The videos of people acting like they have diplomatic immunity by way of pointing a camera phone and yelling I’m recordin dizzz are shocking. Calling guards all sorts of names as they act out of concern for criminality? Gimme a break. Do these people actually care about law and order and protecting our youth? If so, then maybe there’d be more anger at the various disturbing crimes that happen in our state every year. Why no protest as people went to town with steak knives in front of young children in a restaurant in Blanchardstown on Christmas eve for example?


Time to Be Honest

Of course, it has nothing to do with any of the various concerns they are at pains to highlight. It is good old fashioned xenophobia, we all know that. Punching down at its finest. Don’t take on the serious drug gangs destroying communities like brave people once did. I remember growing up seeing pushers out campaigns on the telly etc. No signs of the anger being directed in the right way now. Why is that I wonder? I have often decried the lack of anger at the various injustices as I see them.
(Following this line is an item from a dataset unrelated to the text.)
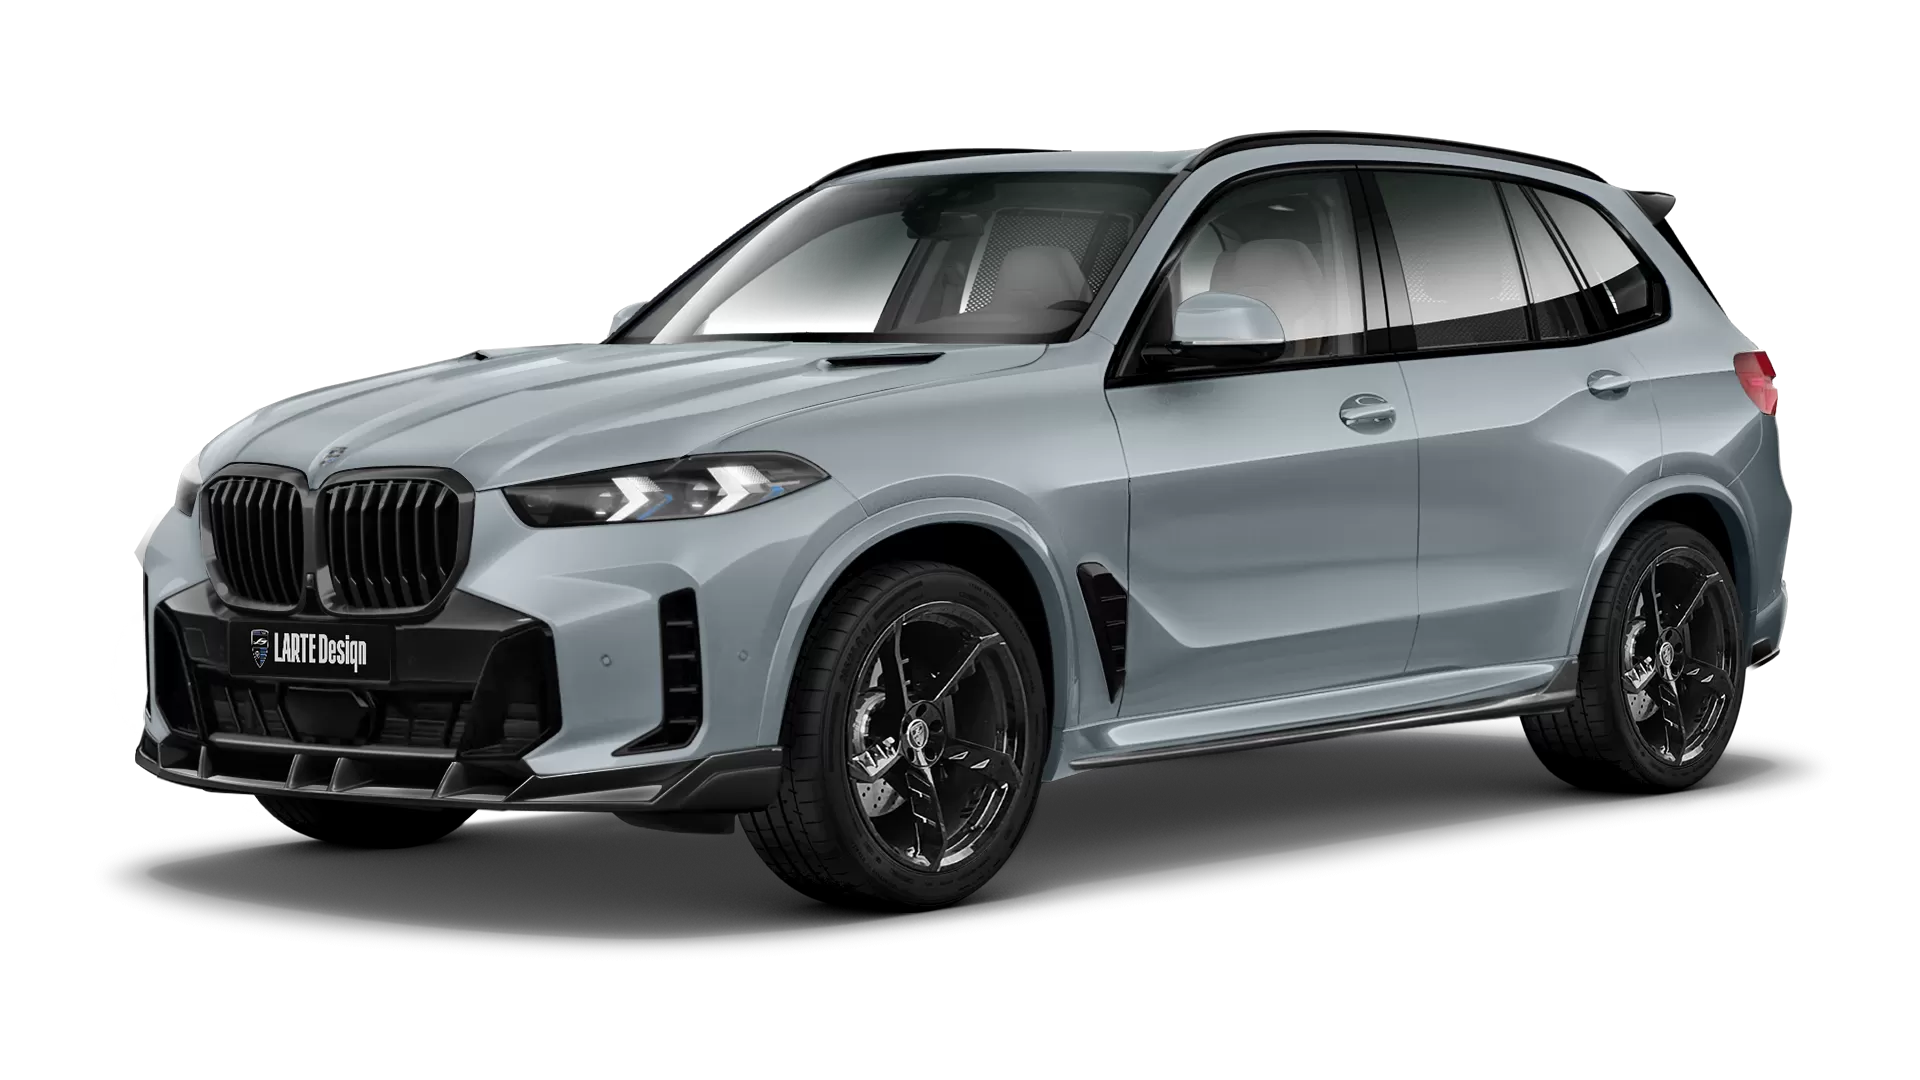 BMW X5 G05 LCI Facelift with painted body kit: front view shown in Frozen Pure Grey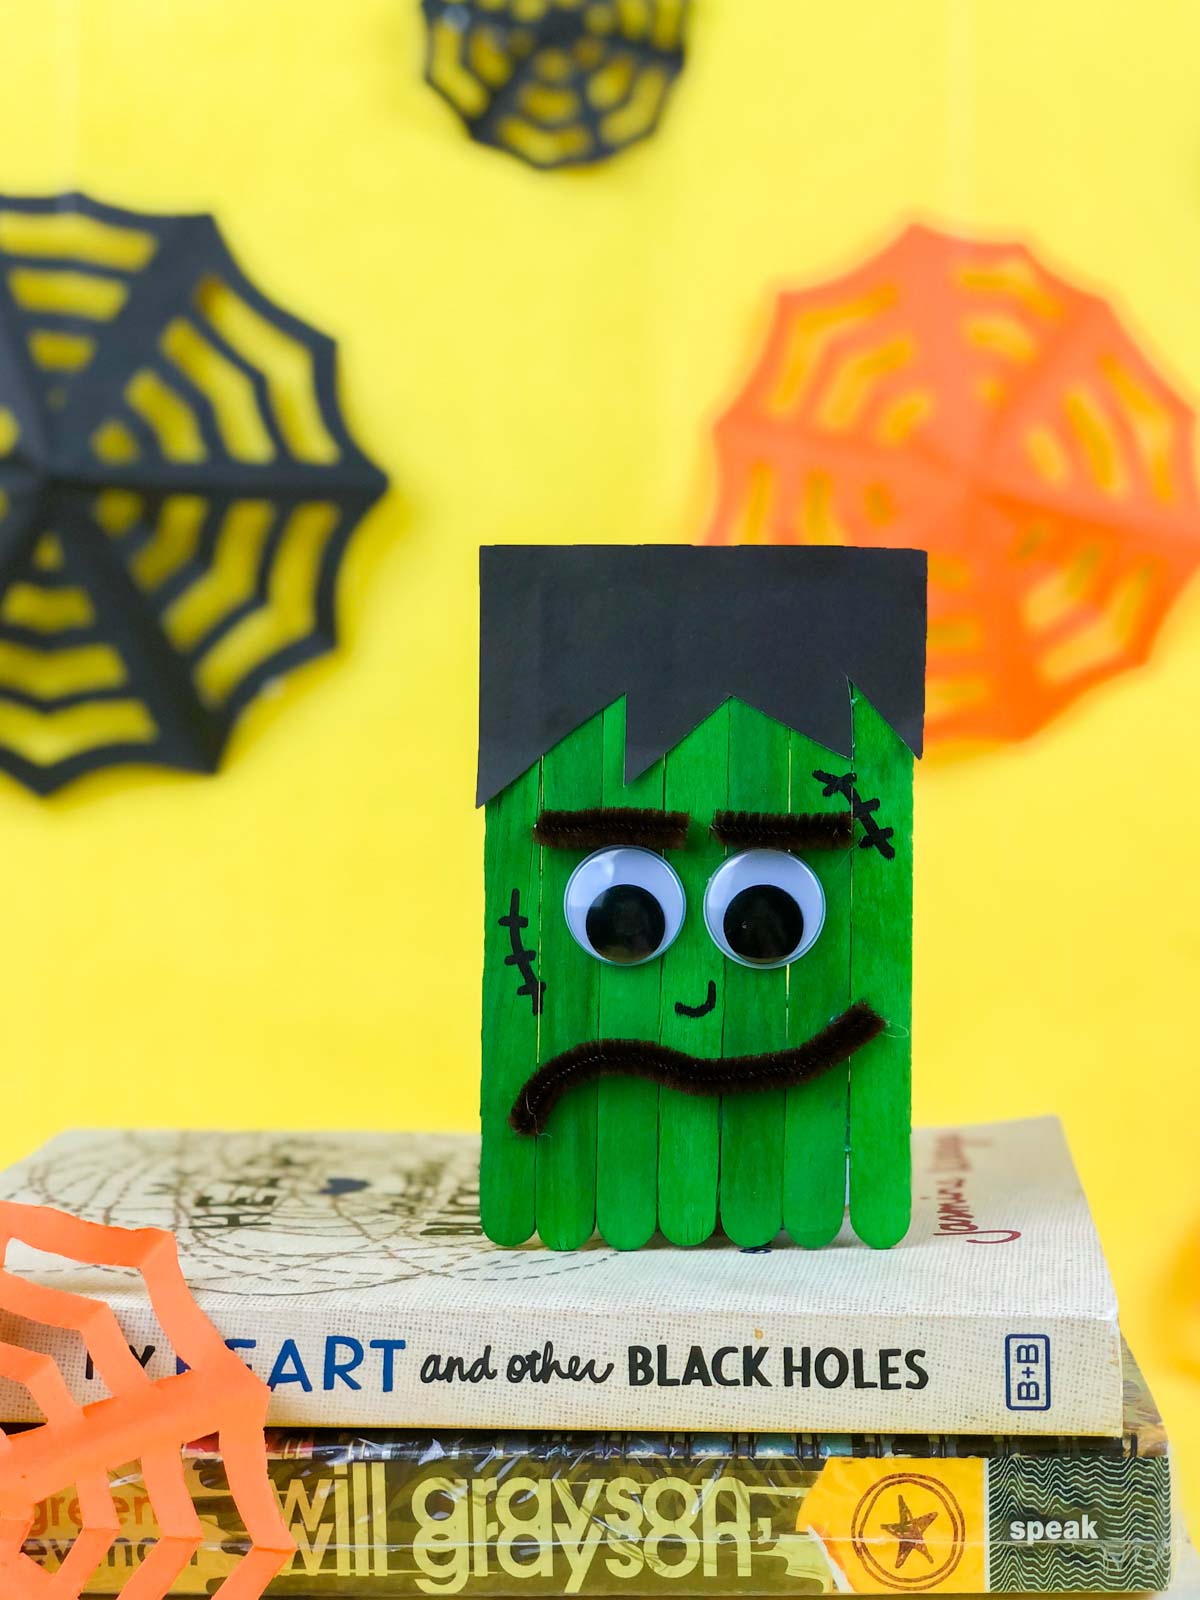 Frankenstein craft made out of popsicle sticks on a stack of books

Yet the level of vitriol and anger being directed at some of the most disenfranchised in our world is disgusting to see to be honest.

Rather than indulge the nonsense of ‘genuine fears’ It is time to hold a mirror up to our society and realise we were happy out with emigration and multiculturalism when we we were headed abroad. Now is time to realise the boats go both ways and immigration is a gift for us, much like in the main, we have been abroad. Imelda May’s words put it best in her poem You Don’t Get to be Irish and Racist.  Stunning. We cant stand by any more we must all speak up or someone will speak for us.